_Task item_
Would you output all the lines below precisely as they stand, leaving each picture out?

_Recorded information_
((
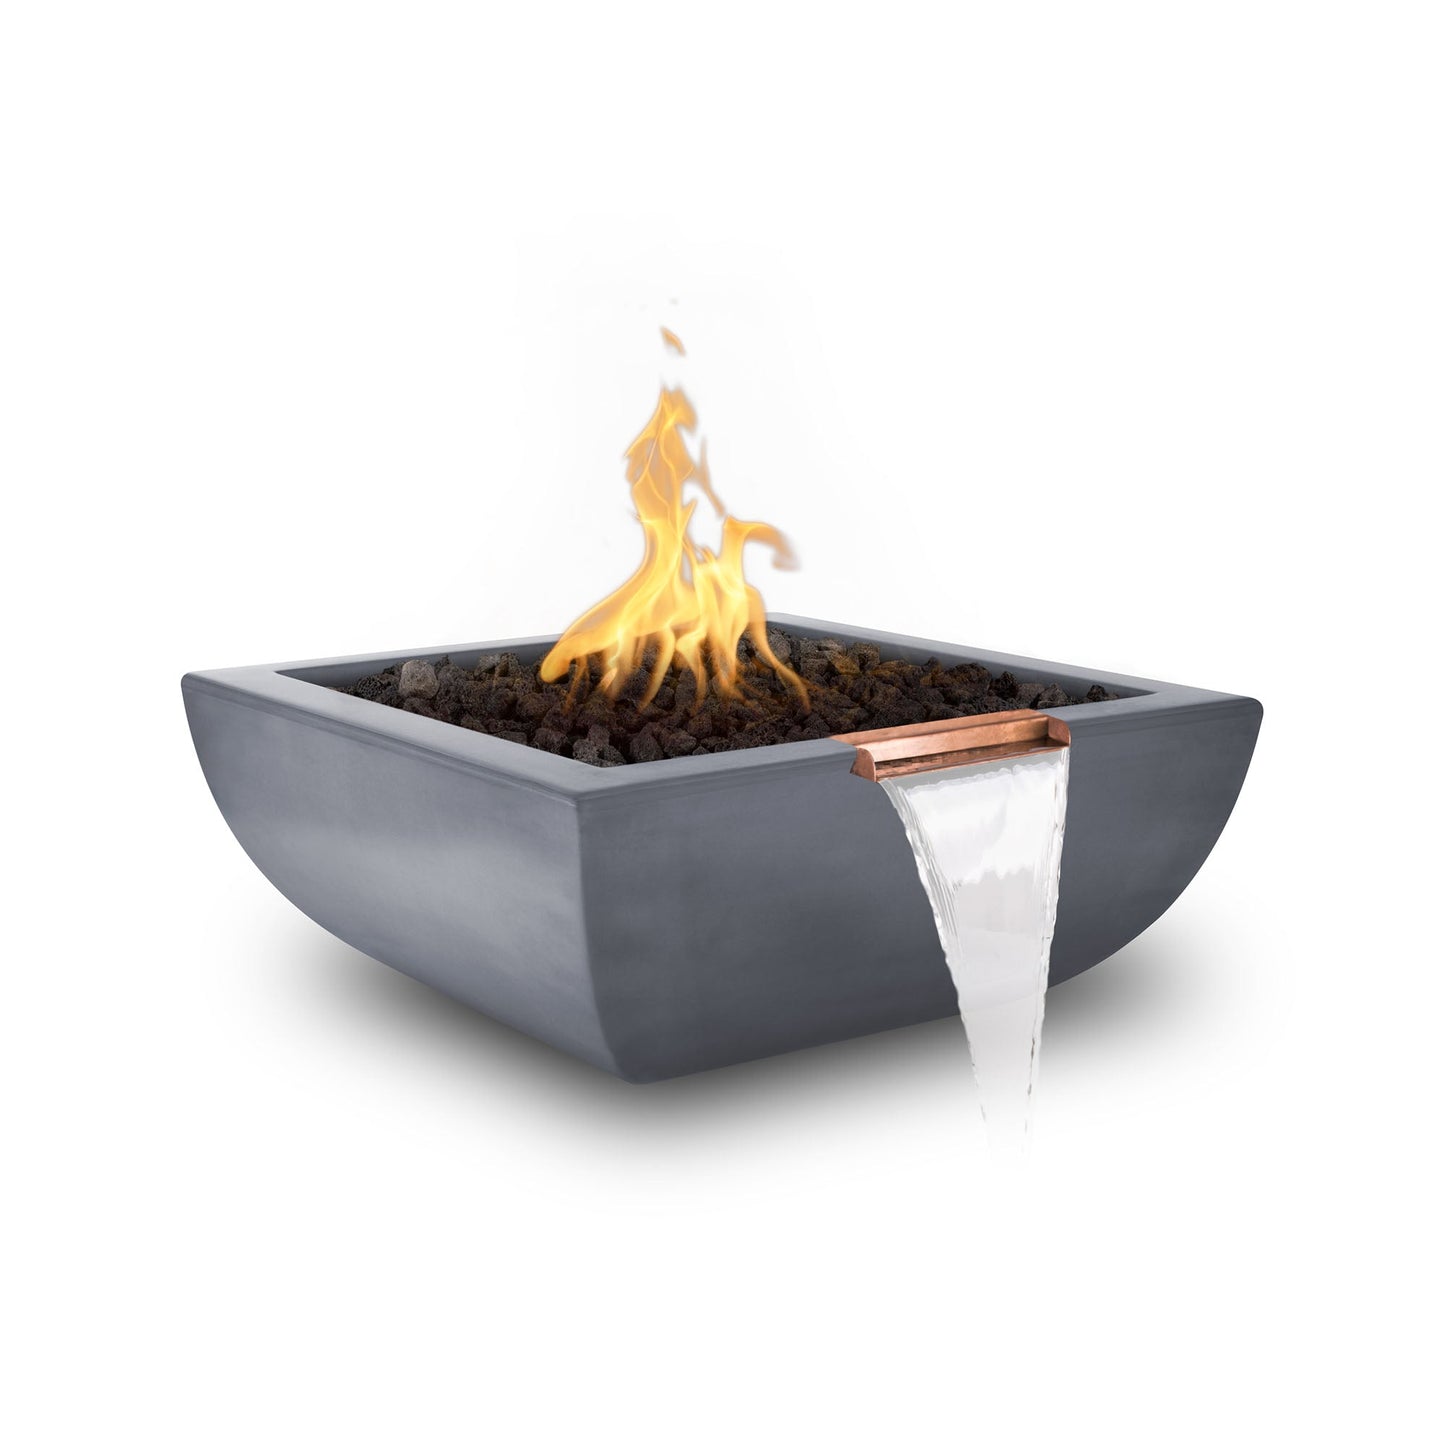 The Outdoor Plus Square Avalon 36" Vanilla GFRC Concrete Liquid Propane Fire & Water Bowl with Match Lit with Flame Sense Ignition
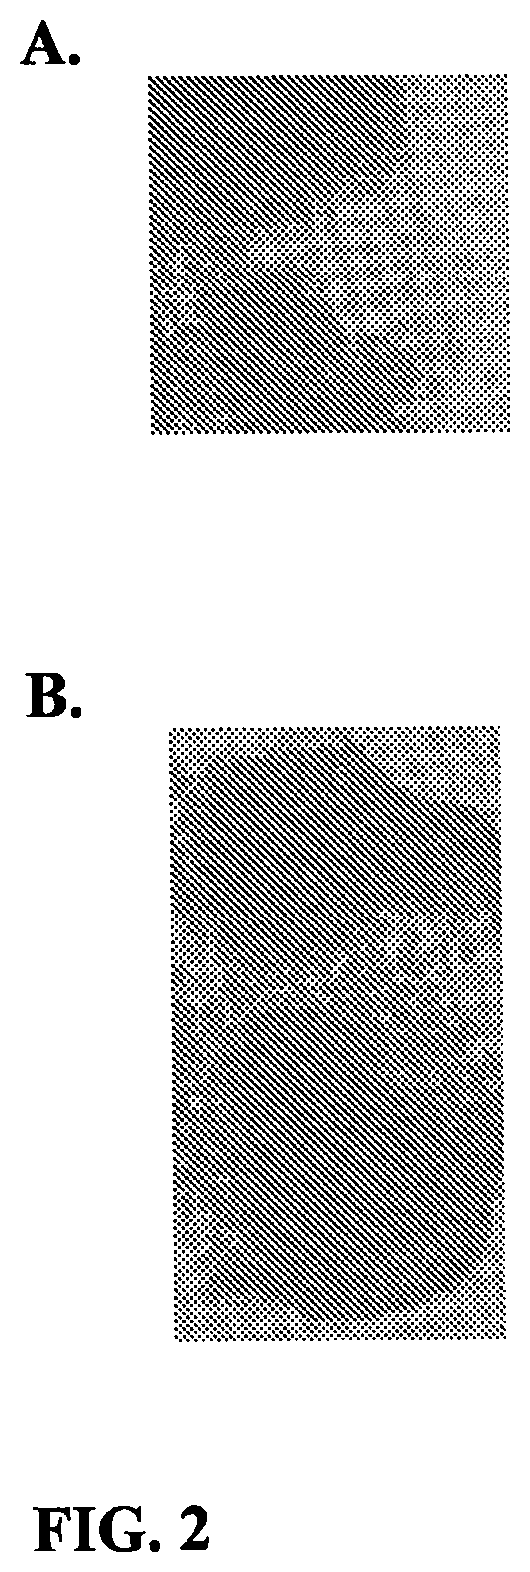 Method to improve safety and efficacy of anti-cancer therapy
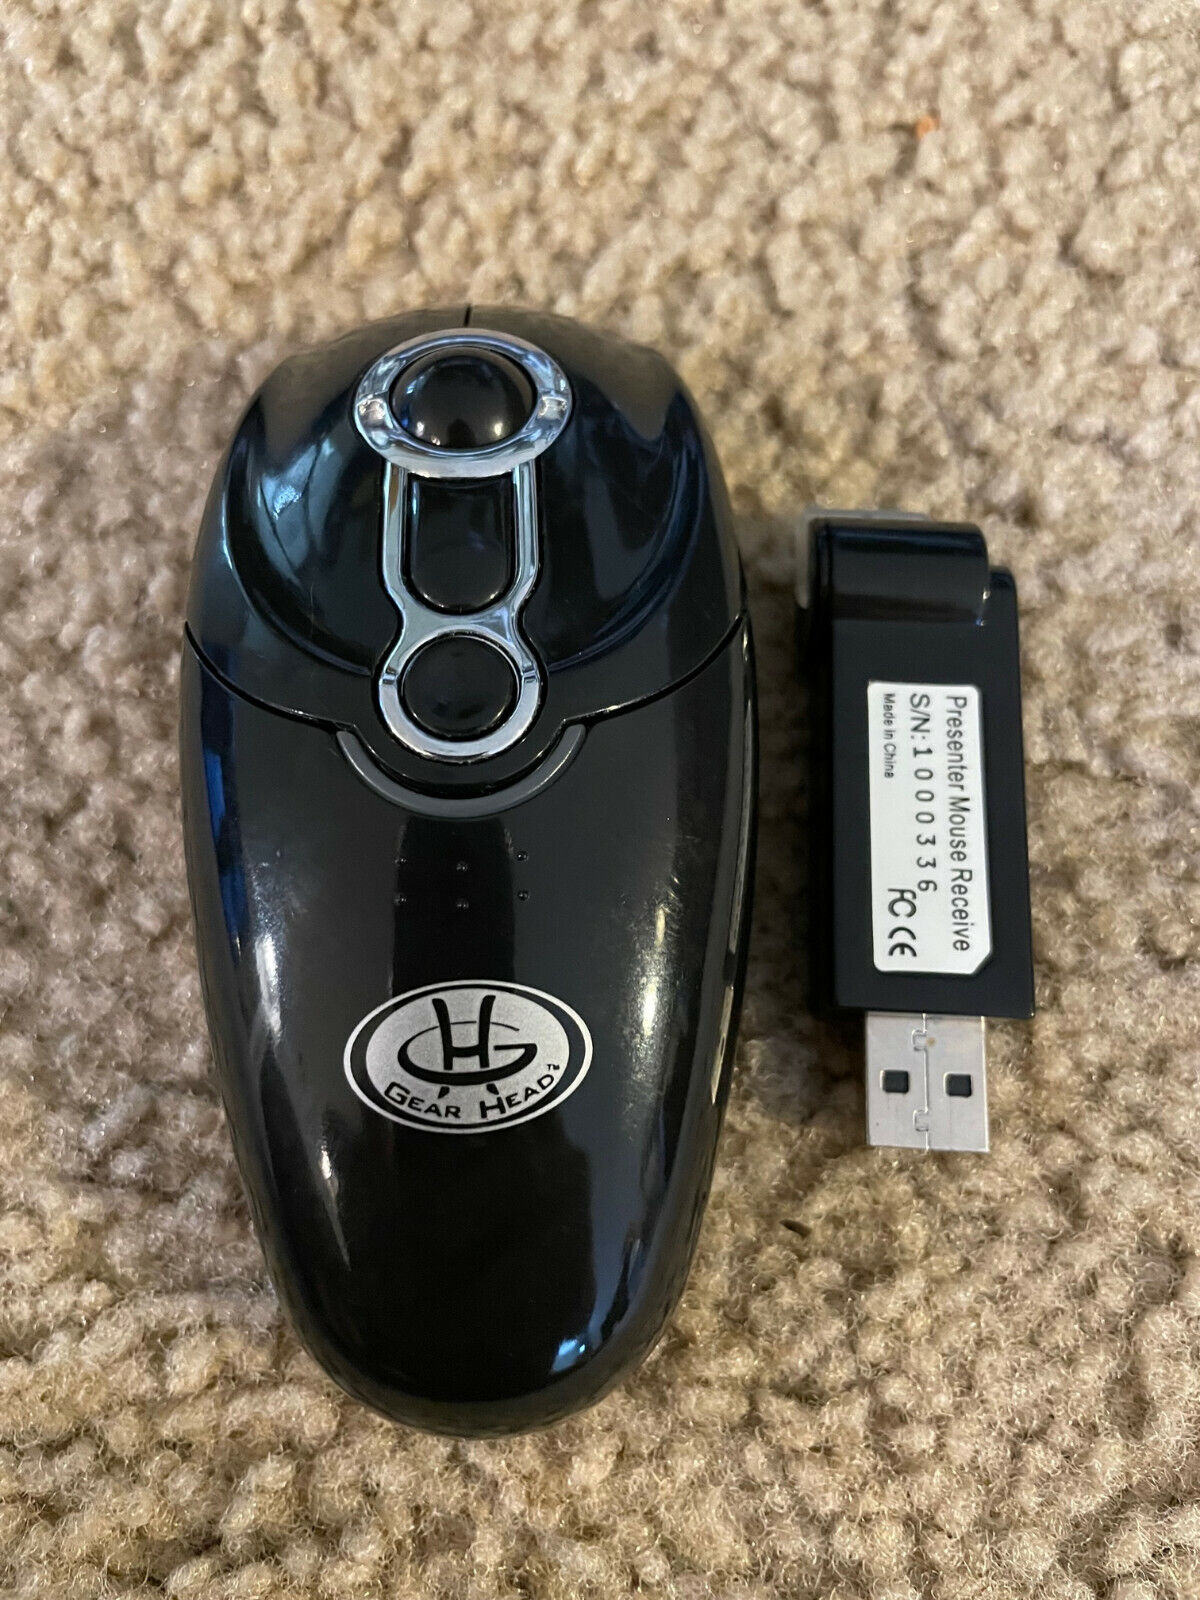 Gear Head Mouse with Laser Optical PPT Presenter Mouse w/ USB Receiver
))
_Answer_
 The Outdoor Plus Square Avalon 36" Vanilla GFRC Concrete Liquid Propane Fire & Water Bowl with Match Lit with Flame Sense Ignition
 Method to improve safety and efficacy of anti-cancer therapy
 Gear Head Mouse with Laser Optical PPT Presenter Mouse w/ USB Receiver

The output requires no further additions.